Data below START

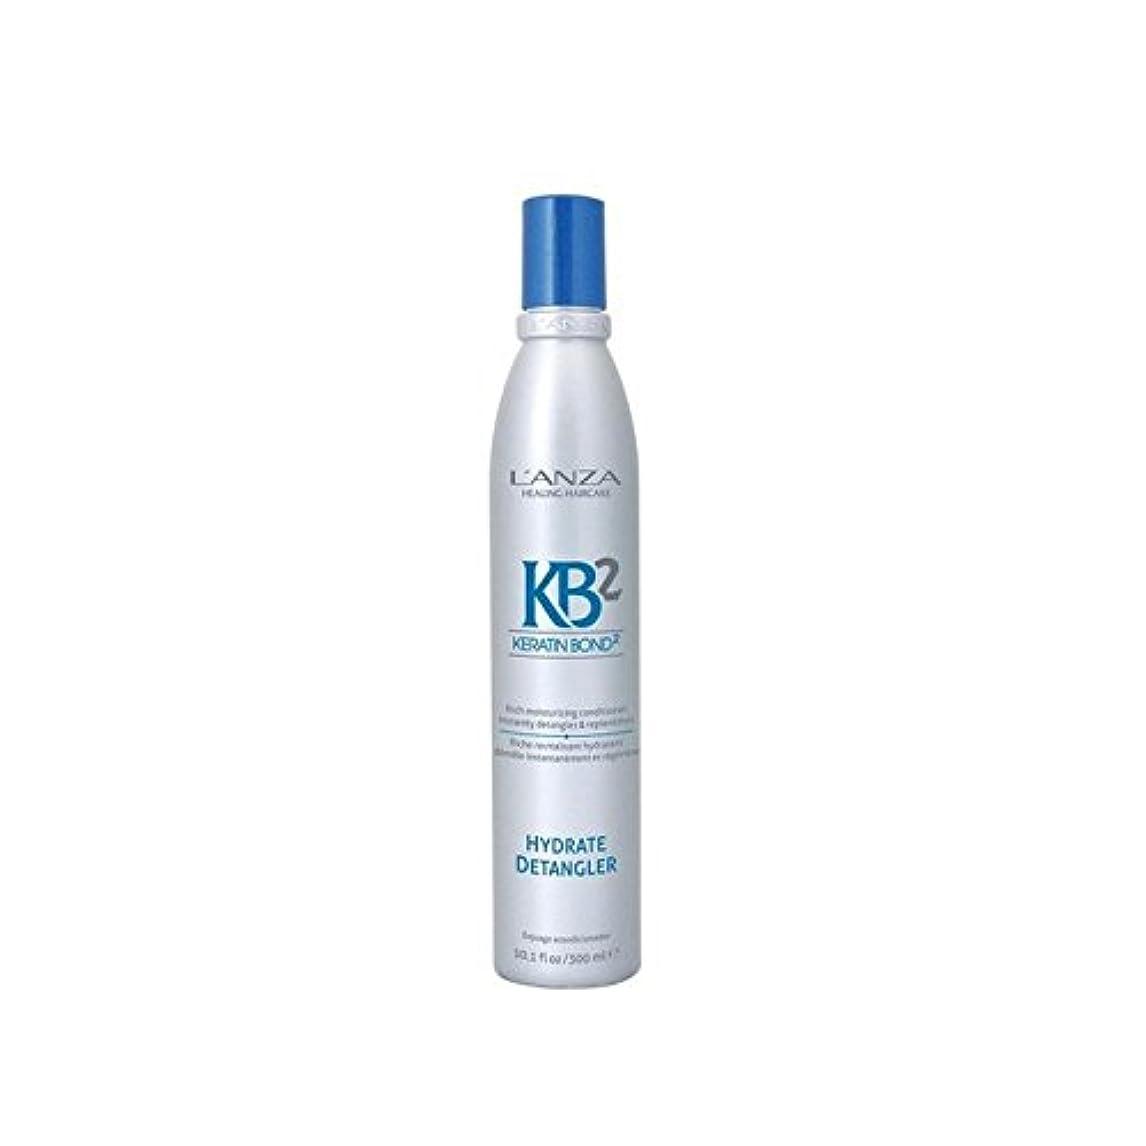 先史時代のめるサラダL'Anza Kb2 Hydrate Detangler (300ml) (Pack of 6) - アンザ2和物(300ミリリットル) x6 [並行輸入品]
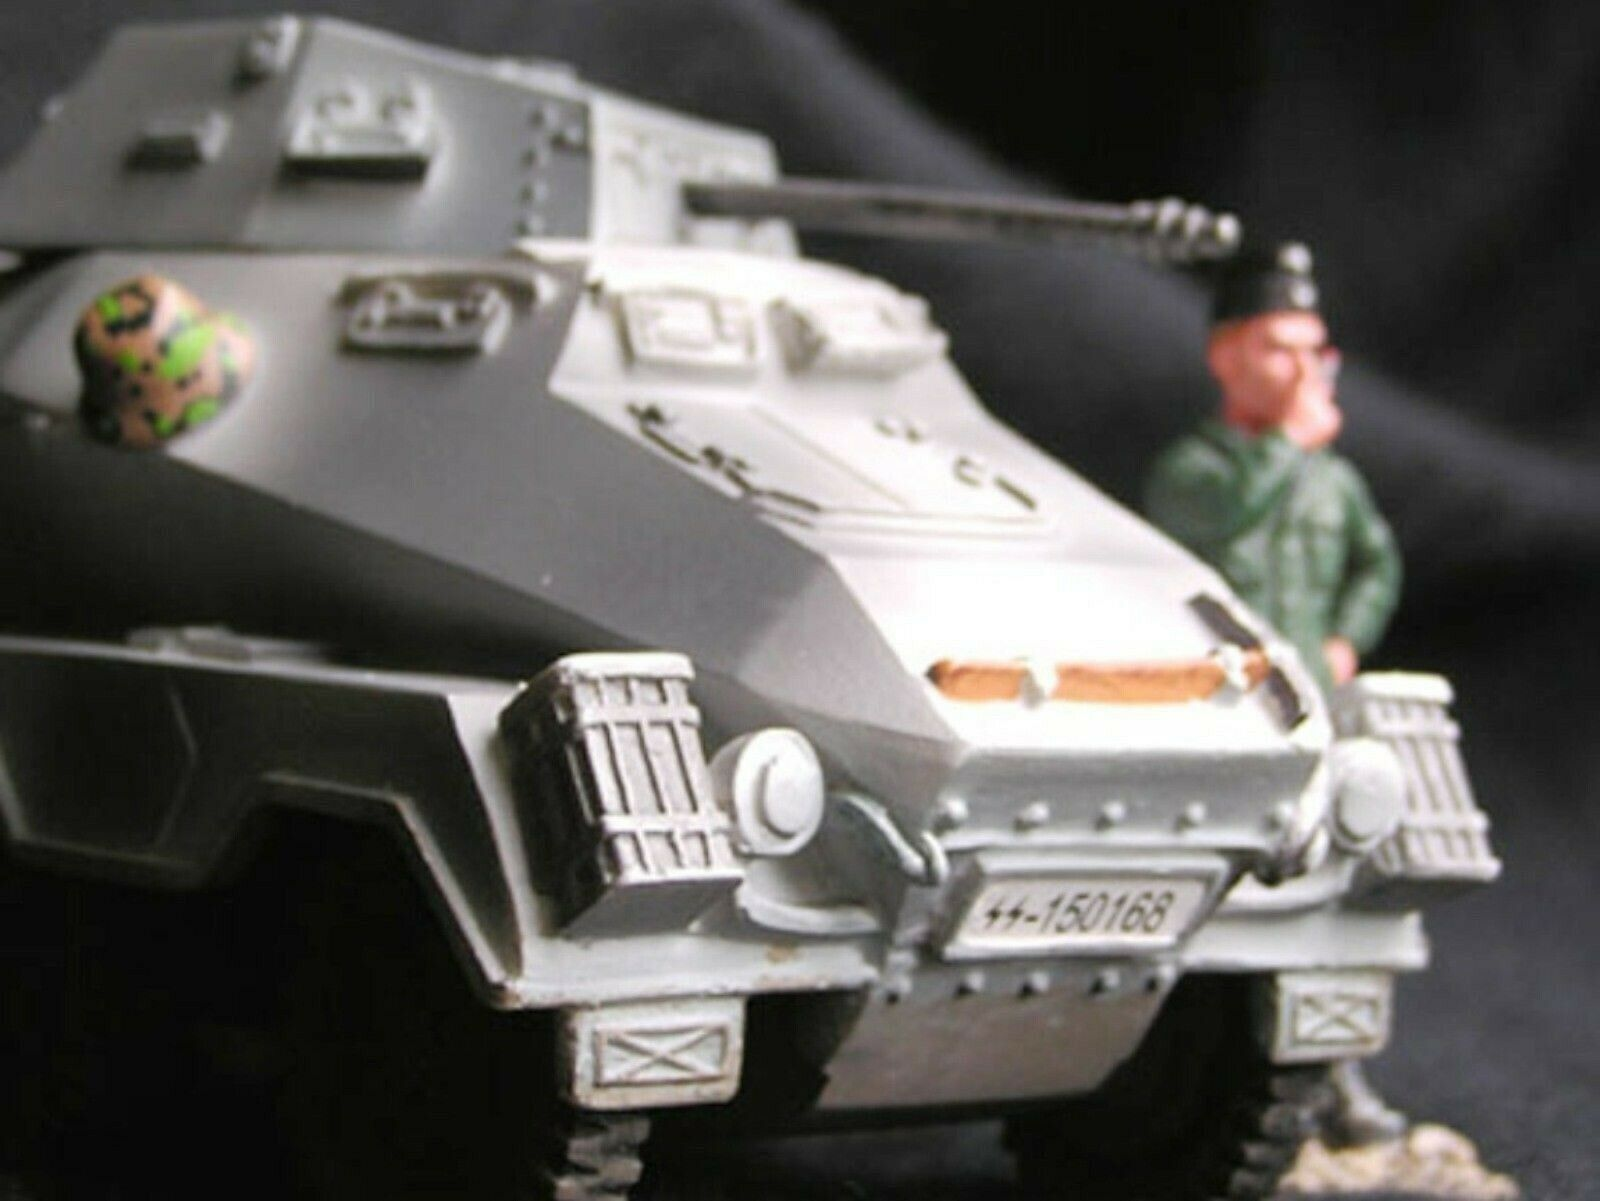 WOW EXTREMELY RARE Puma Sd. Kfz 232 8-Rad 8x4 Bulge 45 BNIB 1 30 New Model Army
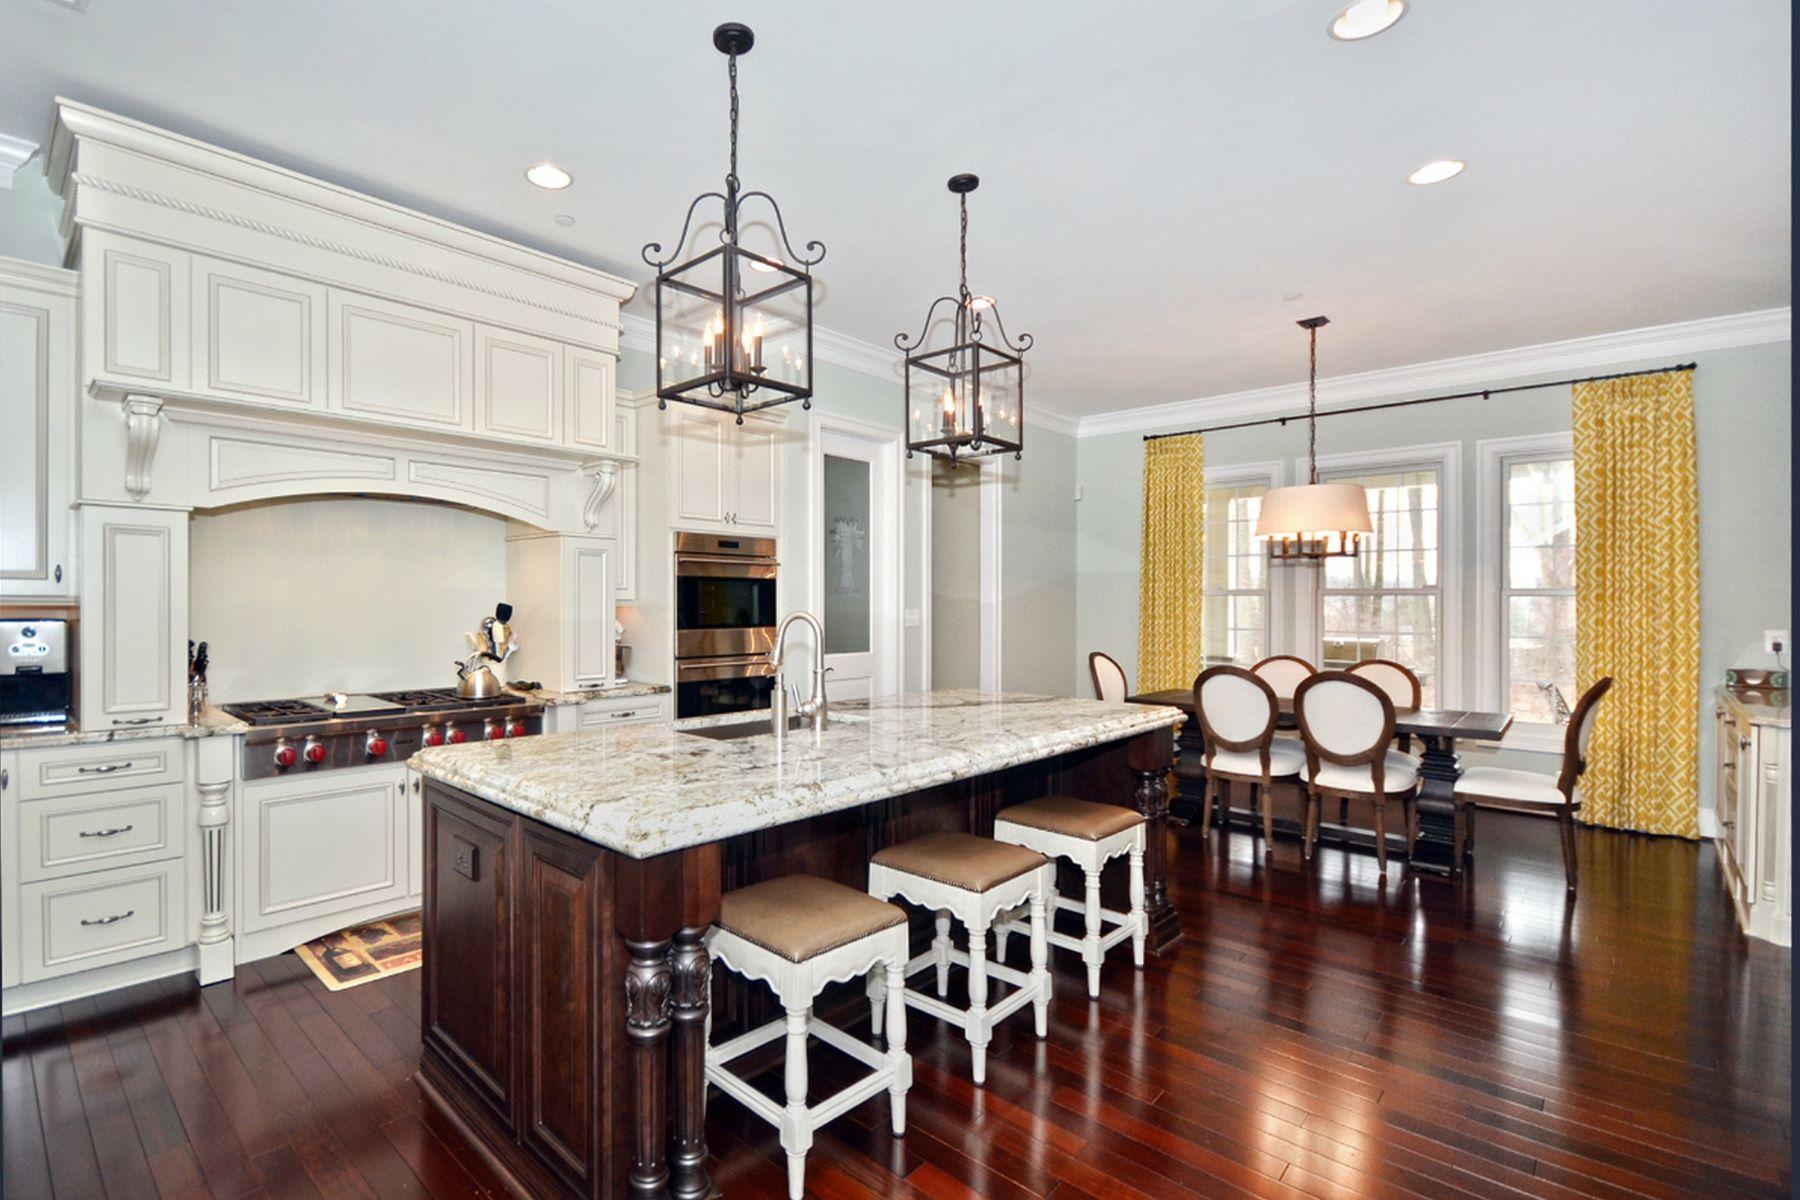 独户住宅 为 销售 在 Castanea Estates 1126 Castanea Court Lutherville, 马里兰州 21093 美国

Data below END

* _Try it_: Line by line, write out the data above exactly, without the pictures.

* _Task answer_:
 先史時代のめるサラダL'Anza Kb2 Hydrate Detangler (300ml) (Pack of 6) - アンザ2和物(300ミリリットル) x6 [並行輸入品]
 WOW EXTREMELY RARE Puma Sd. Kfz 232 8-Rad 8x4 Bulge 45 BNIB 1 30 New Model Army
 独户住宅 为 销售 在 Castanea Estates 1126 Castanea Court Lutherville, 马里兰州 21093 美国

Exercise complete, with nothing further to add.